Return the longest length of a set set[i].

The Weekly Challenge 300, Task 2: Nested Array

Example 1 and Example 2 present the expected outputs for given inputs.

Example 1

Input: @ints = (5, 4, 0, 3, 1, 6, 2)
Output: 4

Here one of the longest sets is set[0]:

set[0] = {ints[0], ints[5], ints[6], ints[2]} = {5, 6, 2, 0}

Example 2

Input: @ints = (0, 1, 2)
Output: 1

3. My solution

def build_set_from_index(ints, starting_index):
    iset = [
            ints[starting_index],
            ]
    for ints_index in range(1, len(ints)):
        pindex = iset[ints_index - 1]
        value = ints[pindex]
        if value in iset:
            break
        iset.append(value)
    return iset

def return_longest_length(ints):
    max_length = 0
    for i in range(0, len(ints)):
        iset = build_set_from_index(ints, i)
        iset_length = len(iset)
        if iset_length > max_length:
            max_length = iset_length
    return max_length

My solution utilizes two functions build_set_from_index and return_longest_length.

build_set_from_index

build_set_from_index returns the set[starting_index] constructed from the parameters ints and starting_index. I used an iterative approach to construct set[].
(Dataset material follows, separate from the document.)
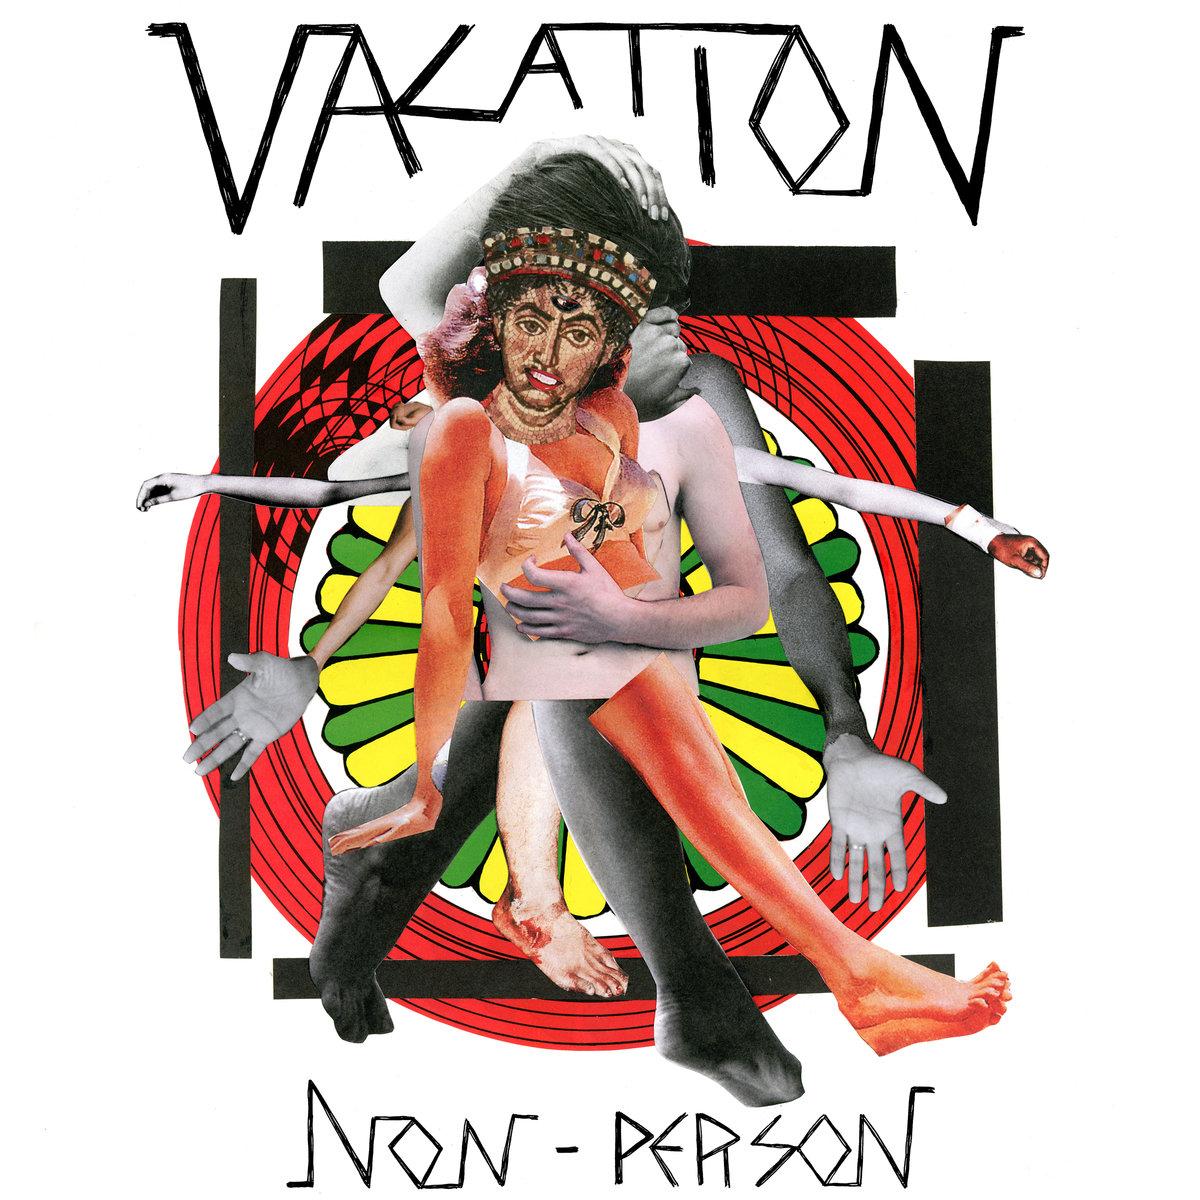 Vacation - Non Person LP

My approach emerged from an early morning and a subsequent paraphrasing of the set[] construction rules. Initially, these rules seemed complex. But, after re-reviewing Example 1 after a decent breakfast and caffeine, I better understood these rules. I was also able to formulate the following paraphrase.

• set[i] is a set with k elements.
  • Rule 3 bounds the value of k.
  • Rule 3 dictates when to stop adding elements to set[i].
• The value of set[i] at k = 0 is equal to ints[i].
• For k > 0, the k-th element of set[i] is equal to value of ints[] indexed using the (k-1)-th element of set[i].

Using the paraphrased approach, interatively constructing set[0] from @ints, as in Example 1, became even more straightforward!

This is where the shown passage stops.